Professor Collins: With regard to the first question,—planting of non-immune varieties within the chestnut disease area,—I don't feel like recommending it except on an experimental basis. Perhaps I am recommending something that I might feel like changing my mind about a little later, but, in the present state of our knowledge I would hesitate to recommend planting within the disease infested area. So far as the second question is concerned, the planting of non-immune varieties outside the chestnut growing area, I think there are some pretty good prospects in sight, provided the stock which is obtained is carefully inspected to see that it is free from the blight to begin with, and is watched carefully for at least the first year. The third question, in regard to immune varieties,—if there are any the immunity of which has been demonstrated sufficiently to warrant their being planted,—the Japanese, which are highly resistant, and what some people might consider immune, are the only possibilities so far in sight. The great trouble with the Japanese trees which have been grown in the orchards in parts of the country that have come under my observation, is that they have been grafted on stock which is very susceptible to the disease, and I think it is safe to say that 80 per cent at least, possibly 90 per cent, of the trees that have been killed under these conditions have been killed by the disease girdling below the graft on the susceptible American stock. If we can grow Japanese seedlings under the same conditions, perhaps, that Colonel Sober is raising his Paragons—two years from the seed and then grafting—I don't see why we can't have a tree that is going to be reasonably resistant to the disease; now if we can find some Japanese nuts which are really palatable, really good and sweet, as these three or four that I have mentioned appear to be, I don't see why we cannot have a tree which will be reasonably immune to the disease and at the same time producing an edible nut. The Japanese stock seems to be able to fight off the disease to a certain extent in much the same way that the apple tree can fight off the apple canker, each year the lesion increases a little but each year the growth of the tree overcomes it to a certain extent, and there is a fight between the disease and the tree all the time. Very likely the disease once on the tree will remain on the tree, as far as we can tell at present, for quite a time, but perhaps not kill the tree outright.

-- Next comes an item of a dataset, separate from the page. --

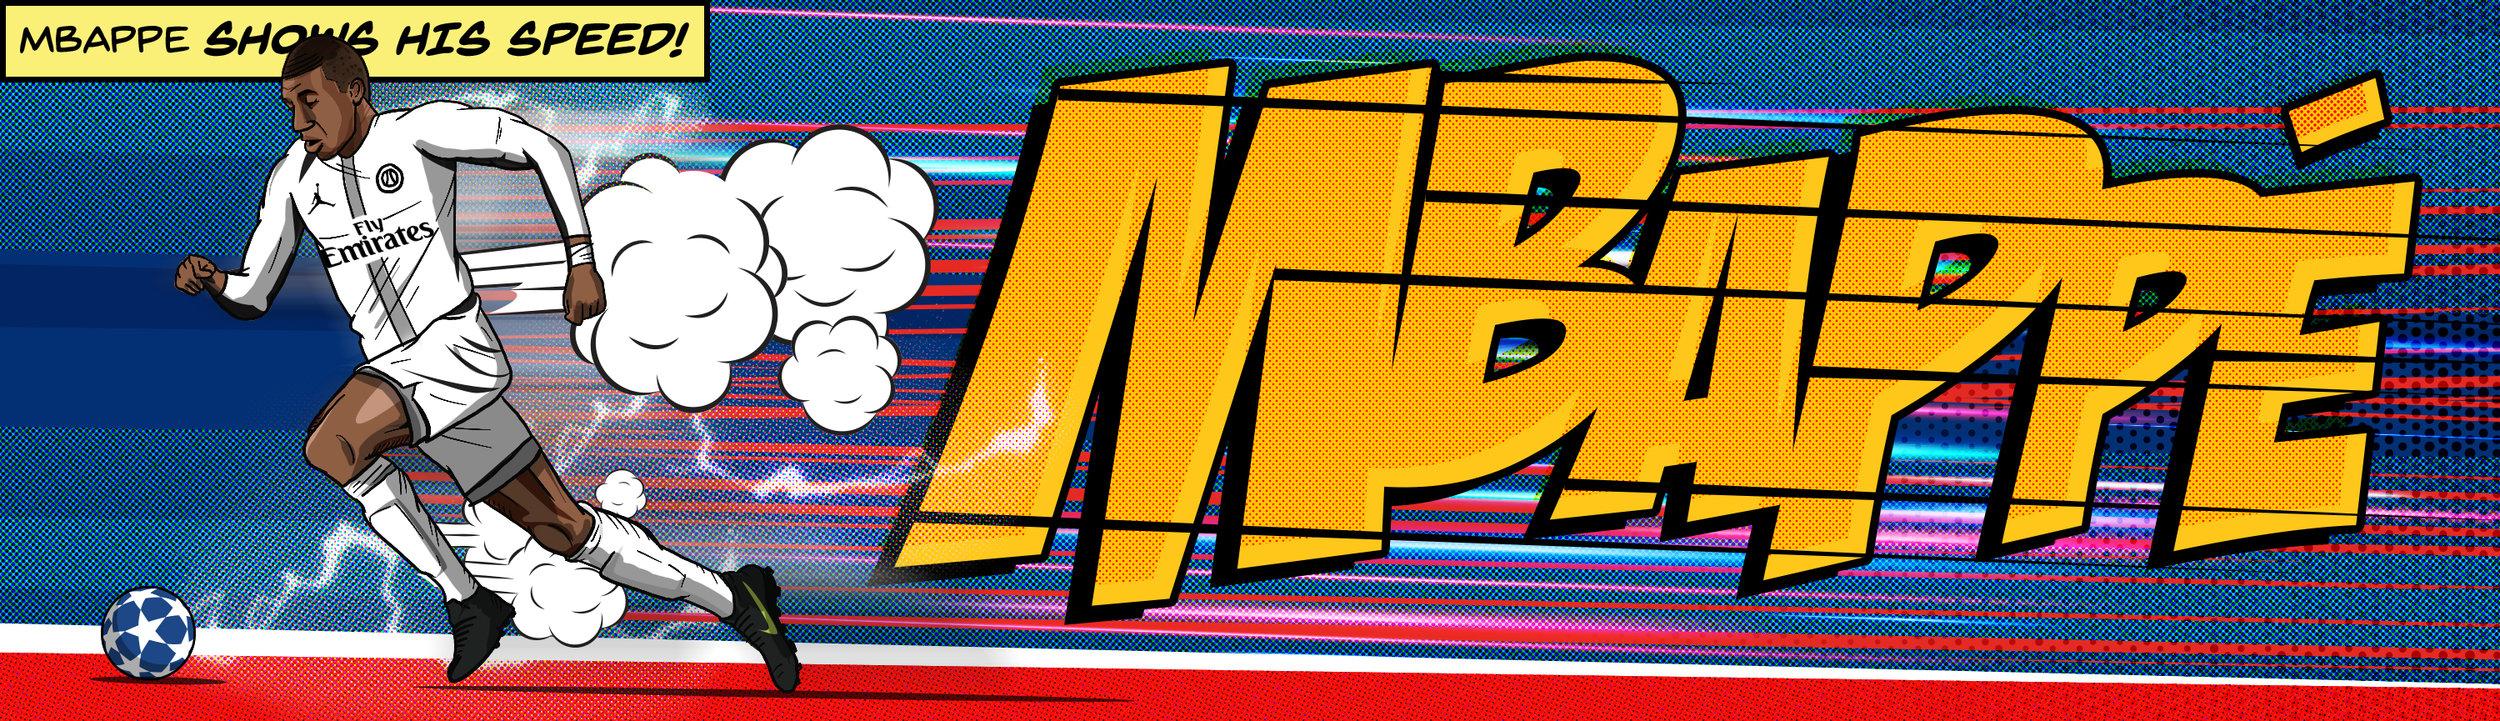 Mbappe2.jpg

Professor Van Deman: Dr. Van Fleet of the Department of Agriculture is working on what seems to be a very fine prospect for raising chestnuts that will be immune and that will have good quality. Japanese chestnuts are the poorest of all in quality but he has taken the chinquapin, which is of high quality but the very smallest of the whole chestnut family, quite common in many of the central and southern states and as far west as Arkansas, has crossed the Japanese chestnut and the chinquapin, and has obtained seedlings that bear very young—when they are not more than four or five feet high sometimes. They are loaded with nuts, and nuts of large size, larger than our ordinary wild chestnut, usually one in a bur just as the chinquapin is and having the high quality of the chinquapin, and he has grown many of those in New Jersey right in the very worst of the disease area and has found some that are exempt. Perhaps some of you have noticed what was published in regard to this in the Rural New-Yorker sometime in the past few months. I have seen the nuts from some of these trees, and while I have never eaten any, I have Dr. Van Fleet's word for it that they are of excellent quality. Now that is something that we might feel quite hopeful about.